-- Exercise inputs follows --

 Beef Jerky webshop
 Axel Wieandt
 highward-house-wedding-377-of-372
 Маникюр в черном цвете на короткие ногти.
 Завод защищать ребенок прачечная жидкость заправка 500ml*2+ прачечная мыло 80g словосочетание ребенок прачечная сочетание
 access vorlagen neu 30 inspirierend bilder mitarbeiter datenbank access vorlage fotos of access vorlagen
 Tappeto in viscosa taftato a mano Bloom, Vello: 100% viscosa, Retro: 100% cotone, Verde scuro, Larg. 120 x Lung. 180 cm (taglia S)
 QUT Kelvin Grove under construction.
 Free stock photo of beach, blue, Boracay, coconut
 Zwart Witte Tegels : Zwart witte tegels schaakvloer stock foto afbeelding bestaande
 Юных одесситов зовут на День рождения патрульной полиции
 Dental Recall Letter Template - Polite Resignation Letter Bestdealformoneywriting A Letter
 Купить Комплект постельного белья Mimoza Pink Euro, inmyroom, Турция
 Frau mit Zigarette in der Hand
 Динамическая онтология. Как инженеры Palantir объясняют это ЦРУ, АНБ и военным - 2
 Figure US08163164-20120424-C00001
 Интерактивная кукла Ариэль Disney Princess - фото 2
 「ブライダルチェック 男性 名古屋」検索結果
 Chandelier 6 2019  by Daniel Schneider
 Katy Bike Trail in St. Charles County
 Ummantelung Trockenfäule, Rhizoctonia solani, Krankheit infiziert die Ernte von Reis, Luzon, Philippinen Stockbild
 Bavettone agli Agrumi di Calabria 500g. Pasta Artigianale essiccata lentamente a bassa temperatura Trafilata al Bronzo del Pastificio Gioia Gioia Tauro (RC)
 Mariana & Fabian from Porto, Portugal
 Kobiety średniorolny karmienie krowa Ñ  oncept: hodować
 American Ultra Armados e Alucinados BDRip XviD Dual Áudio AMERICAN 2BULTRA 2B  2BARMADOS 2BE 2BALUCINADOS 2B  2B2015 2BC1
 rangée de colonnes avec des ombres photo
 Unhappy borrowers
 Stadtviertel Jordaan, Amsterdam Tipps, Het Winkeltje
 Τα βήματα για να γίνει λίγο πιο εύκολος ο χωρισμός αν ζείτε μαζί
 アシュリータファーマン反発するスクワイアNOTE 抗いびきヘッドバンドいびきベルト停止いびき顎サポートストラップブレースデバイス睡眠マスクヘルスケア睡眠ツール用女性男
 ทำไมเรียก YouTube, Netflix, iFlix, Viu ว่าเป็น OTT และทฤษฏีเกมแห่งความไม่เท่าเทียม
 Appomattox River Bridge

-- Exercise inputs concluded --

Exercise objective: Each record above is to be reproduced verbatim.

Response below:
 Beef Jerky webshop
 Axel Wieandt
 highward-house-wedding-377-of-372
 Маникюр в черном цвете на короткие ногти.
 Завод защищать ребенок прачечная жидкость заправка 500ml*2+ прачечная мыло 80g словосочетание ребенок прачечная сочетание
 access vorlagen neu 30 inspirierend bilder mitarbeiter datenbank access vorlage fotos of access vorlagen
 Tappeto in viscosa taftato a mano Bloom, Vello: 100% viscosa, Retro: 100% cotone, Verde scuro, Larg. 120 x Lung. 180 cm (taglia S)
 QUT Kelvin Grove under construction.
 Free stock photo of beach, blue, Boracay, coconut
 Zwart Witte Tegels : Zwart witte tegels schaakvloer stock foto afbeelding bestaande
 Юных одесситов зовут на День рождения патрульной полиции
 Dental Recall Letter Template - Polite Resignation Letter Bestdealformoneywriting A Letter
 Купить Комплект постельного белья Mimoza Pink Euro, inmyroom, Турция
 Frau mit Zigarette in der Hand
 Динамическая онтология. Как инженеры Palantir объясняют это ЦРУ, АНБ и военным - 2
 Figure US08163164-20120424-C00001
 Интерактивная кукла Ариэль Disney Princess - фото 2
 「ブライダルチェック 男性 名古屋」検索結果
 Chandelier 6 2019  by Daniel Schneider
 Katy Bike Trail in St. Charles County
 Ummantelung Trockenfäule, Rhizoctonia solani, Krankheit infiziert die Ernte von Reis, Luzon, Philippinen Stockbild
 Bavettone agli Agrumi di Calabria 500g. Pasta Artigianale essiccata lentamente a bassa temperatura Trafilata al Bronzo del Pastificio Gioia Gioia Tauro (RC)
 Mariana & Fabian from Porto, Portugal
 Kobiety średniorolny karmienie krowa Ñ  oncept: hodować
 American Ultra Armados e Alucinados BDRip XviD Dual Áudio AMERICAN 2BULTRA 2B  2BARMADOS 2BE 2BALUCINADOS 2B  2B2015 2BC1
 rangée de colonnes avec des ombres photo
 Unhappy borrowers
 Stadtviertel Jordaan, Amsterdam Tipps, Het Winkeltje
 Τα βήματα για να γίνει λίγο πιο εύκολος ο χωρισμός αν ζείτε μαζί
 アシュリータファーマン反発するスクワイアNOTE 抗いびきヘッドバンドいびきベルト停止いびき顎サポートストラップブレースデバイス睡眠マスクヘルスケア睡眠ツール用女性男
 ทำไมเรียก YouTube, Netflix, iFlix, Viu ว่าเป็น OTT และทฤษฏีเกมแห่งความไม่เท่าเทียม
 Appomattox River Bridge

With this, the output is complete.